■ **Task objective**
Please set down the data again exactly, minus the pictures.

■ **Exercise data**
■ ■ ■ ■

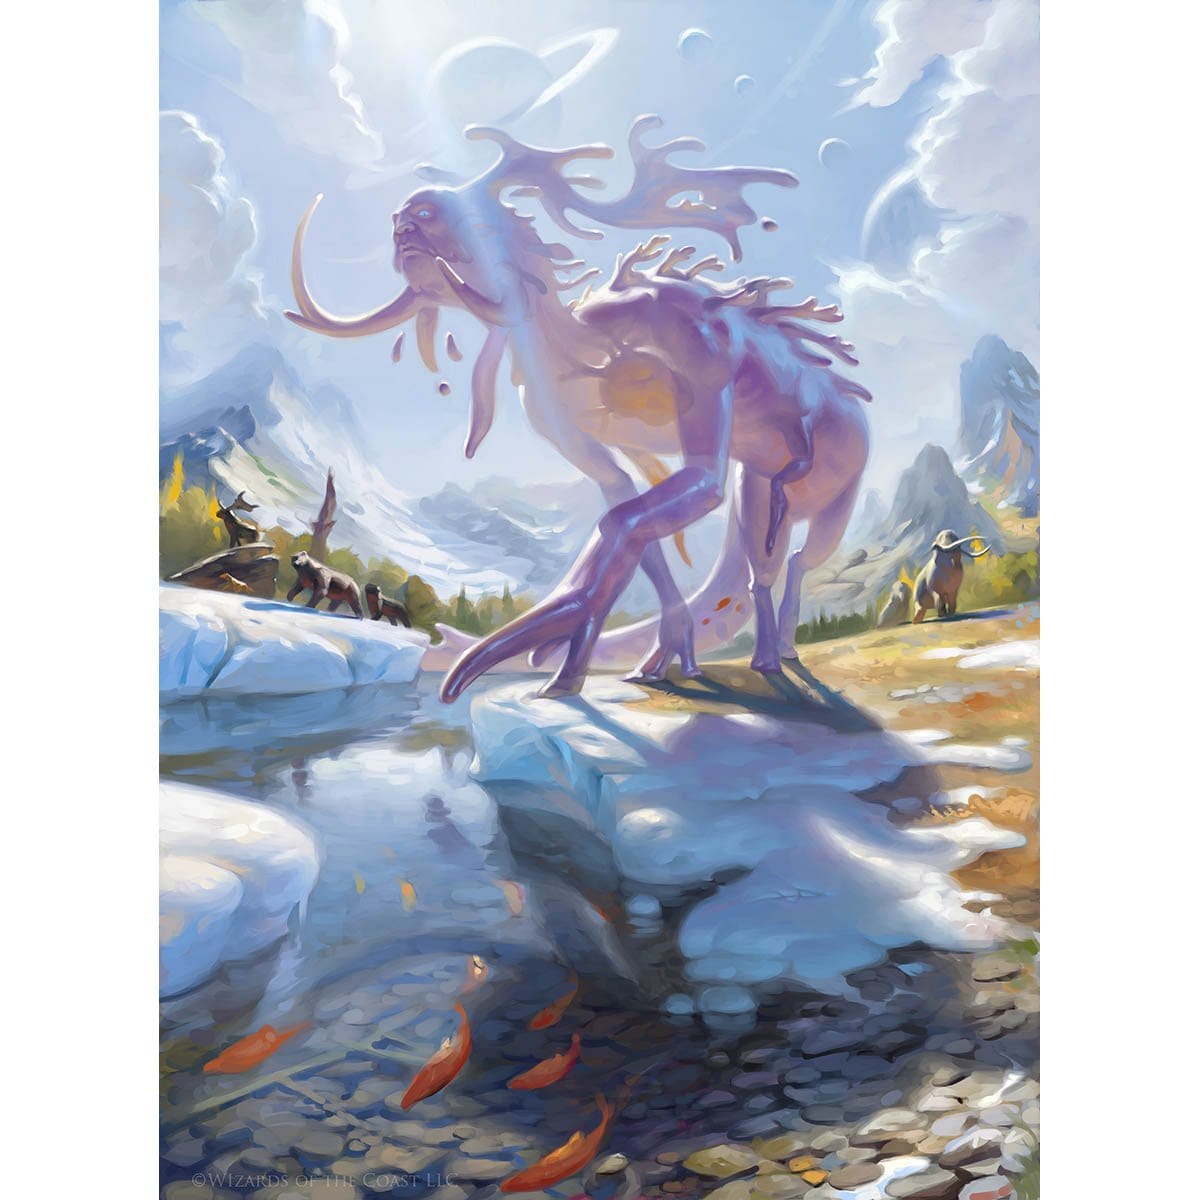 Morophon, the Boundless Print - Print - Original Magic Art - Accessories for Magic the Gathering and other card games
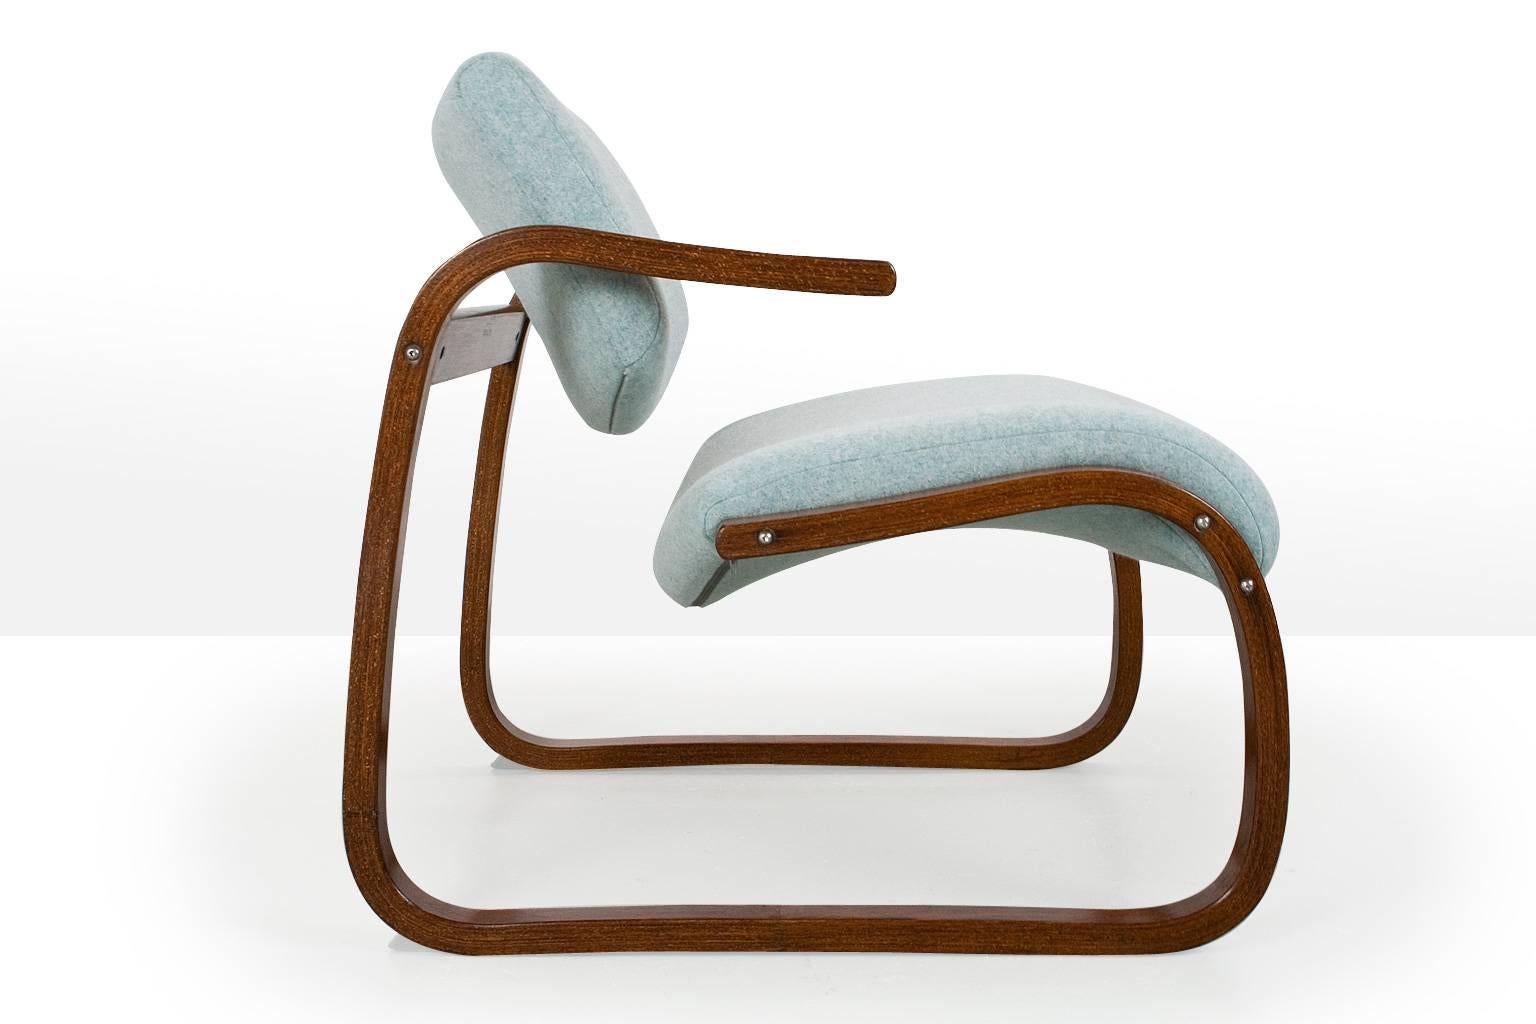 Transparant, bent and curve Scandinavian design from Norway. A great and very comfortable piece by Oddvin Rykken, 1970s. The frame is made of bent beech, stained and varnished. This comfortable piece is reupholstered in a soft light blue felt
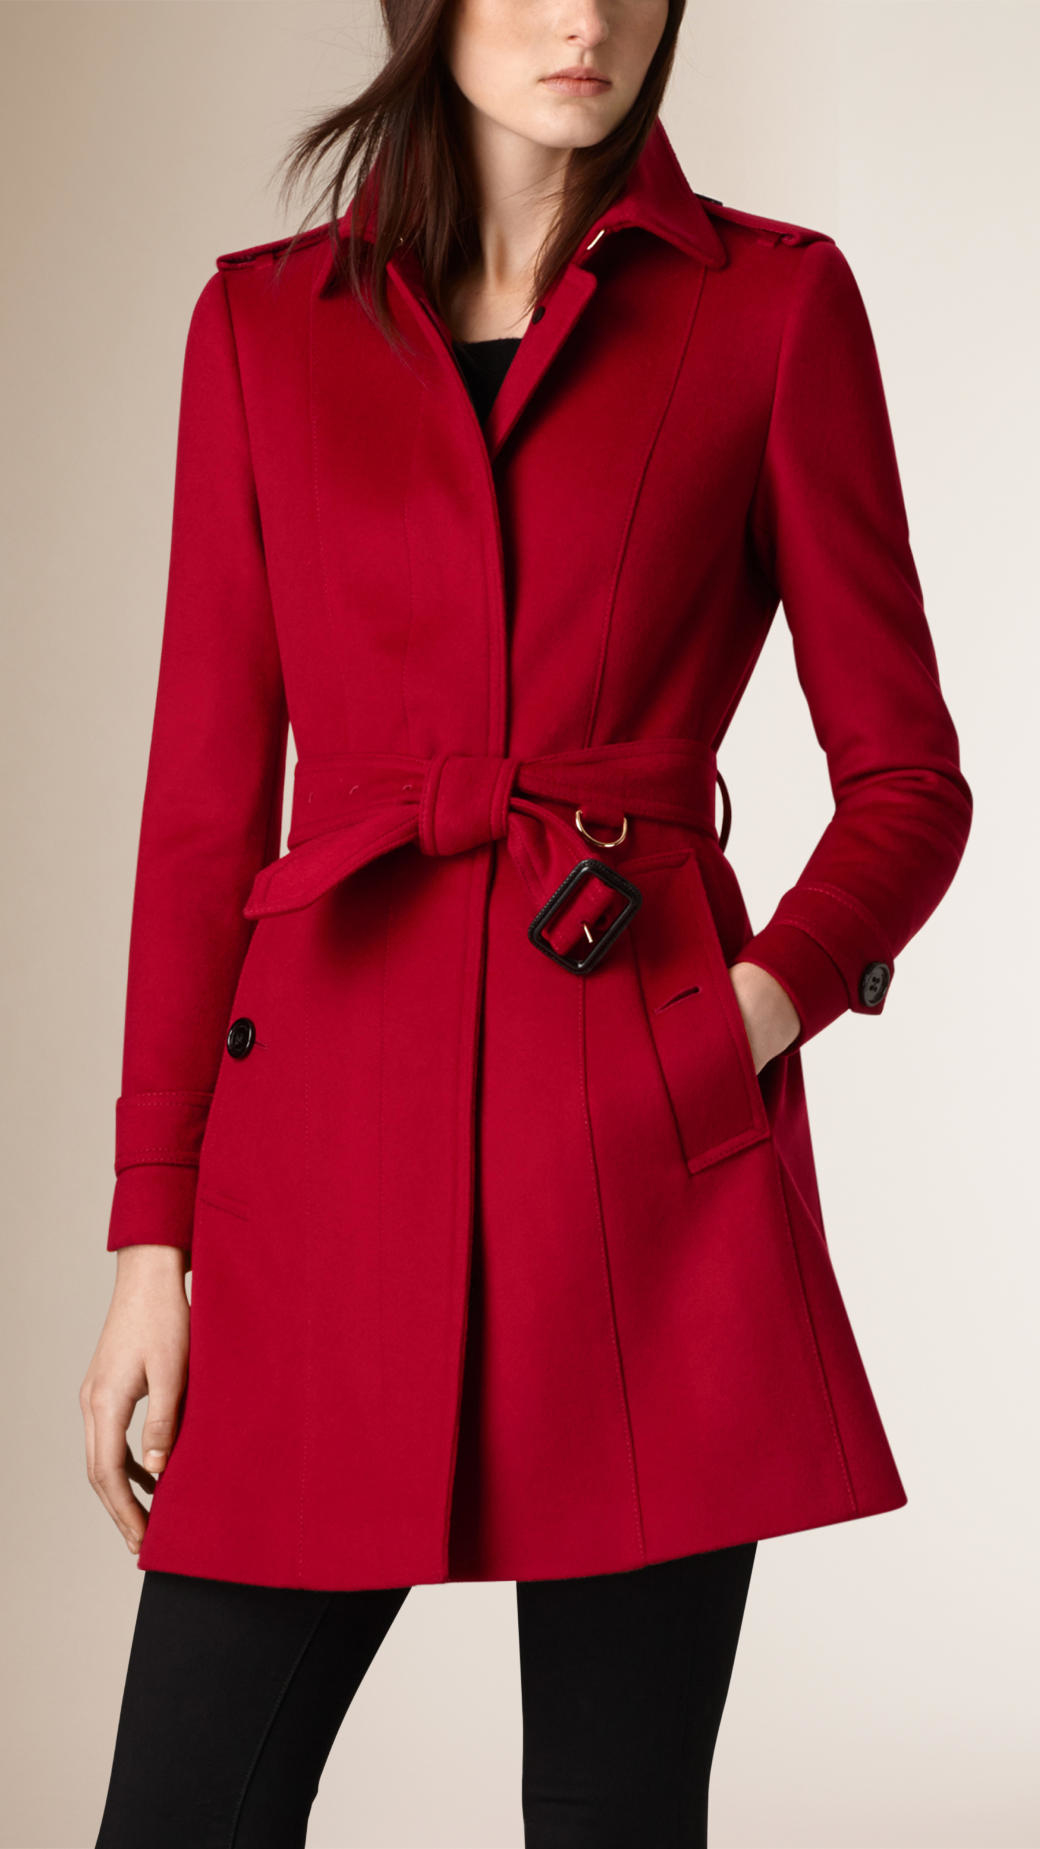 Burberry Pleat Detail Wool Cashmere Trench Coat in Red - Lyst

■ ■ ■ ■

■ **Result for this task**
 Morophon, the Boundless Print - Print - Original Magic Art - Accessories for Magic the Gathering and other card games
 Transparant, bent and curve Scandinavian design from Norway. A great and very comfortable piece by Oddvin Rykken, 1970s. The frame is made of bent beech, stained and varnished. This comfortable piece is reupholstered in a soft light blue felt
 Burberry Pleat Detail Wool Cashmere Trench Coat in Red - Lyst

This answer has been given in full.